Give an unaltered copy of the listing below, minus its pictures.

RAW DATA below:

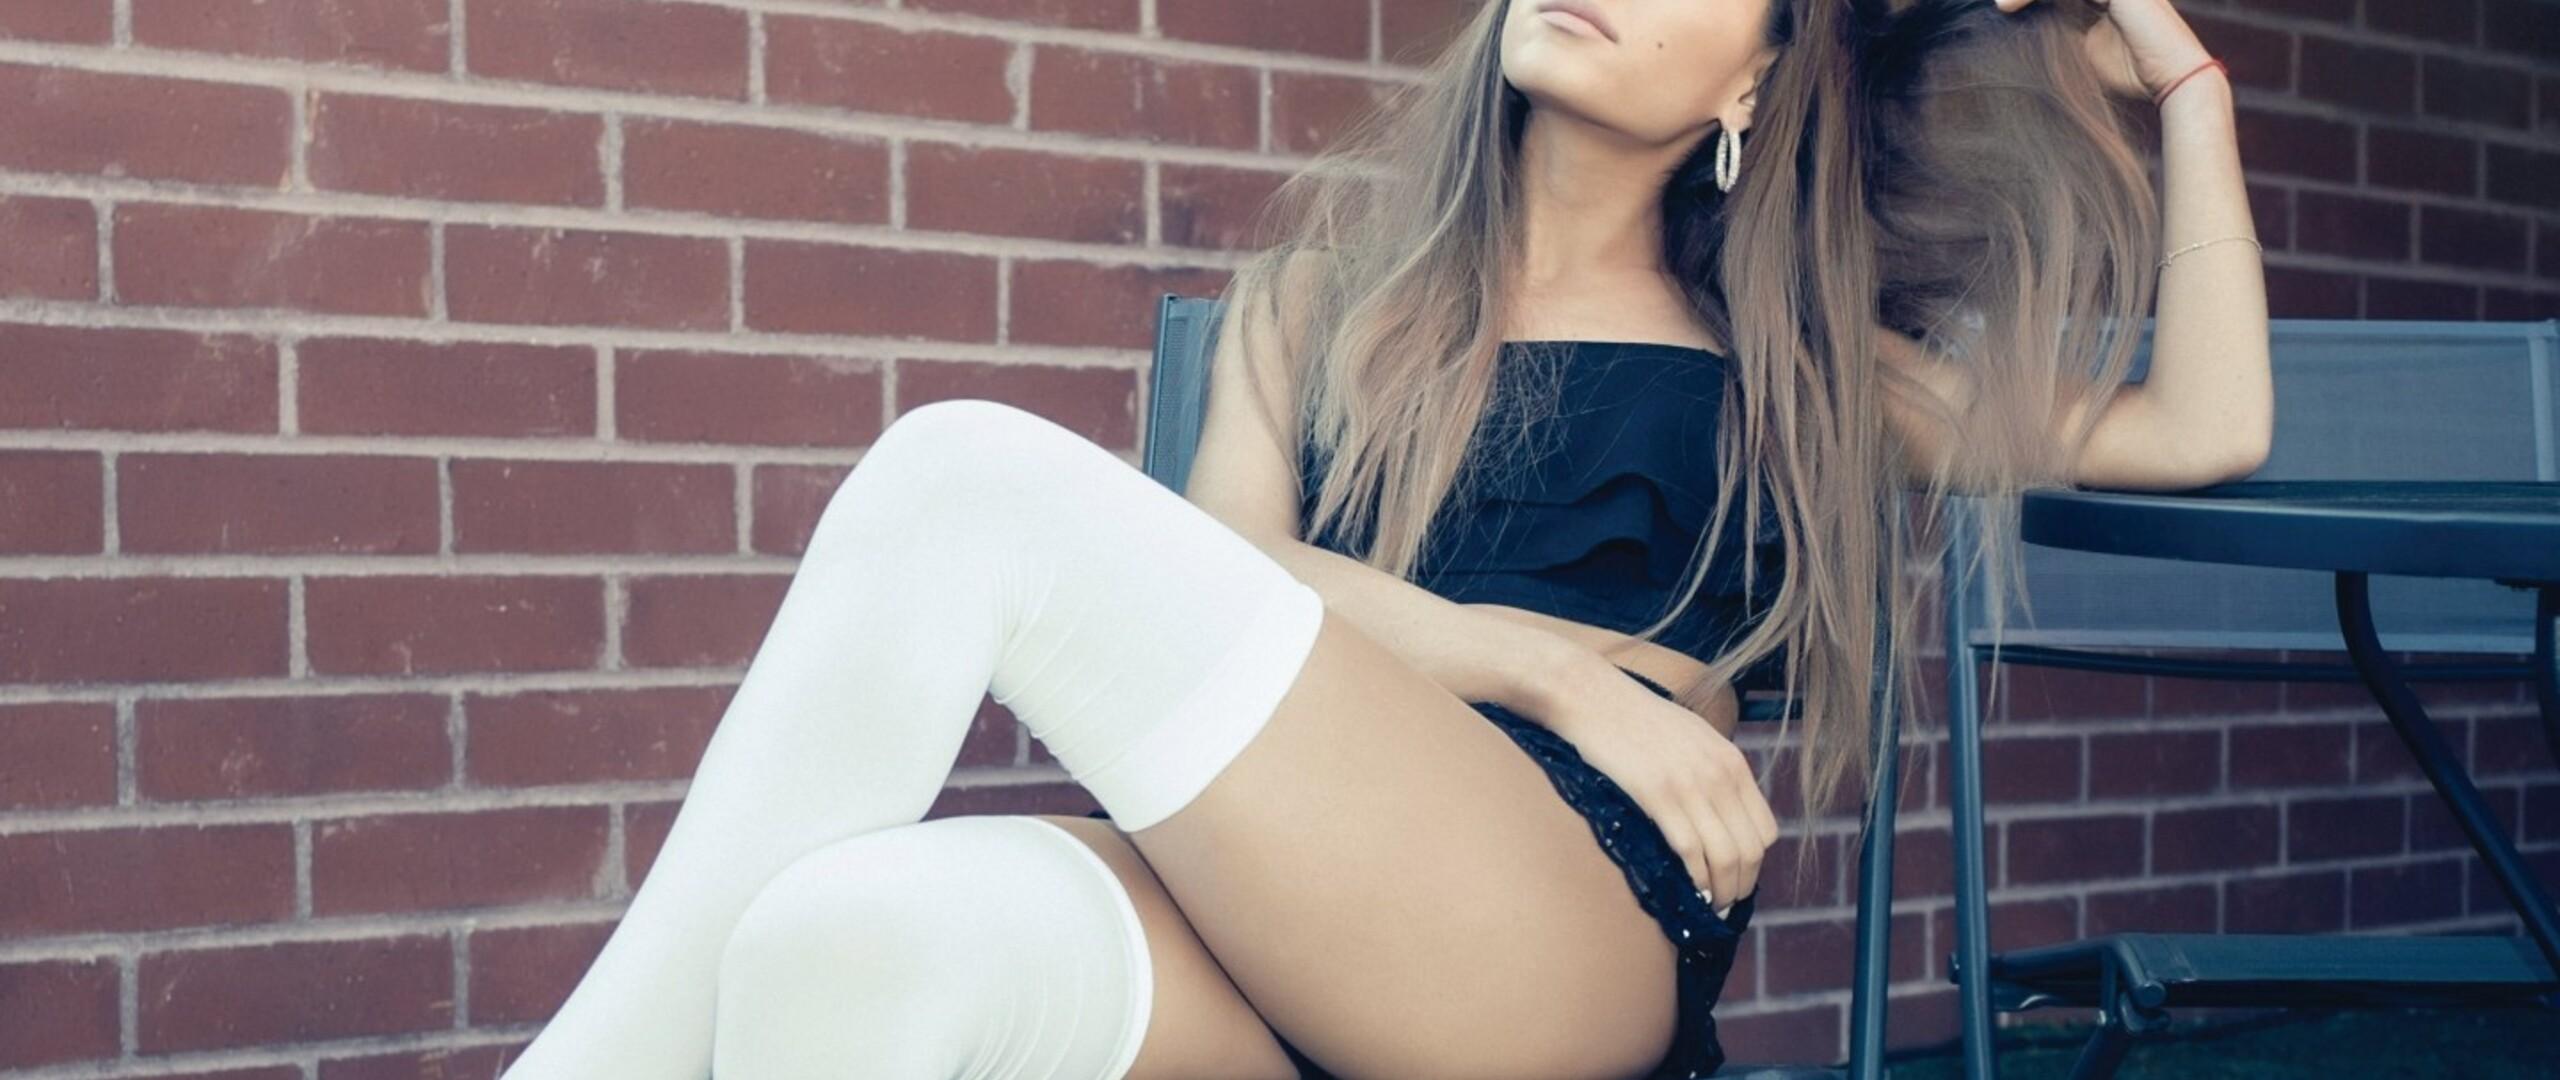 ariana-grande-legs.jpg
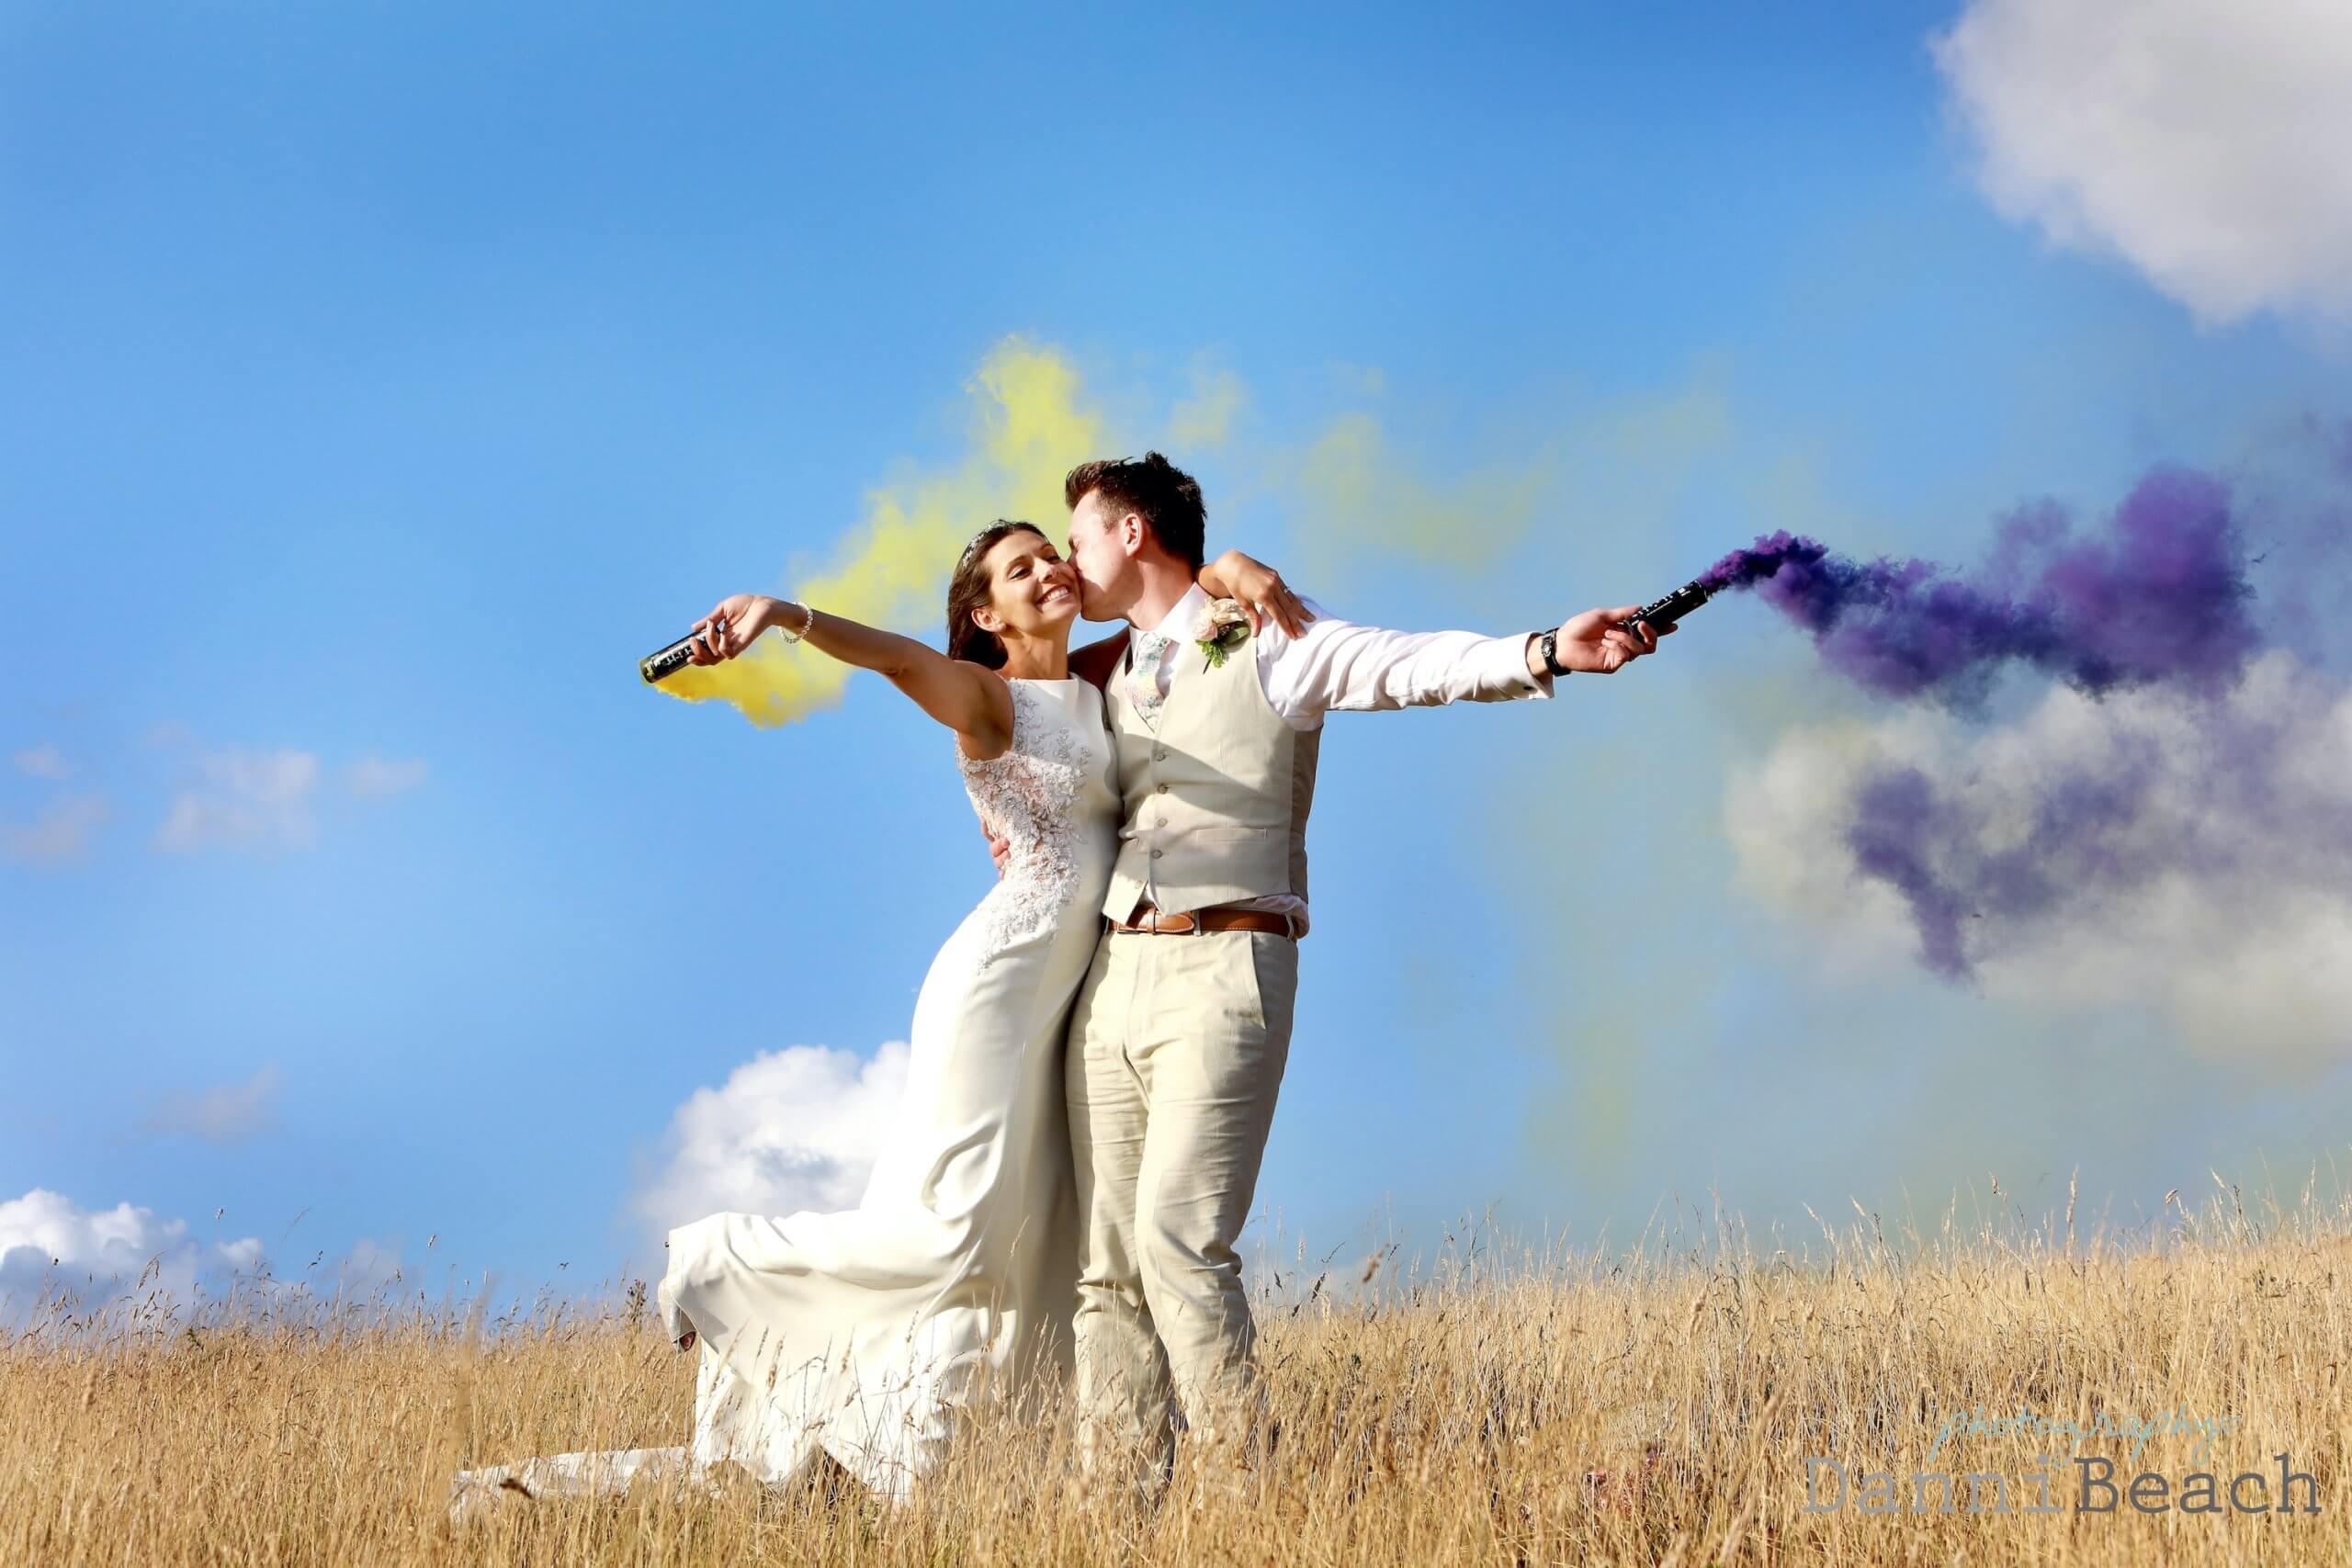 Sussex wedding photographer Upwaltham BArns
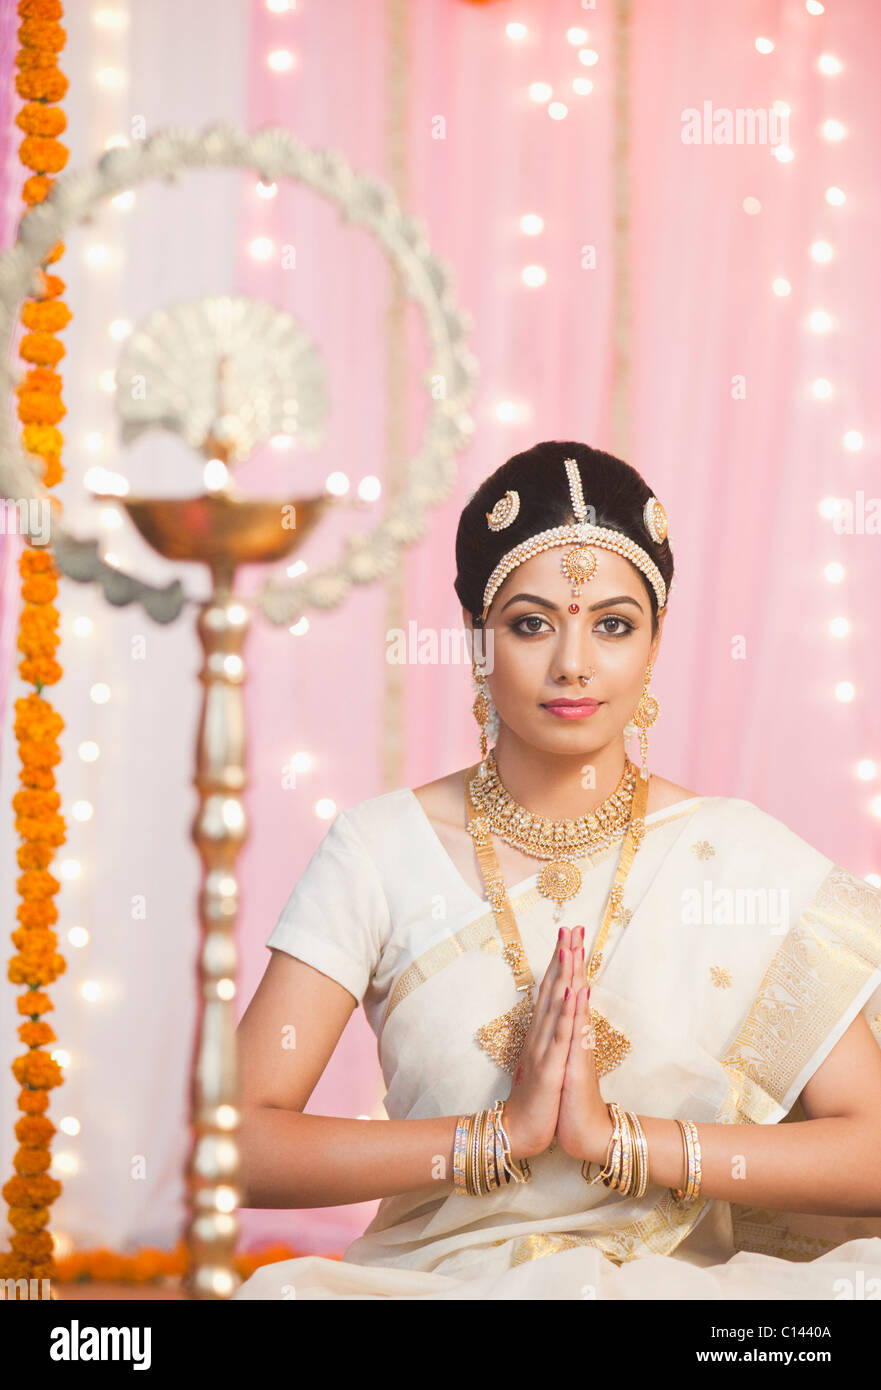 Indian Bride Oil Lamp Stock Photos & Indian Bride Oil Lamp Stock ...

End of RAW DATA.

◆ TASK RESPONSE:
 ariana-grande-legs.jpg
 Sussex wedding photographer Upwaltham BArns
 Indian Bride Oil Lamp Stock Photos & Indian Bride Oil Lamp Stock ...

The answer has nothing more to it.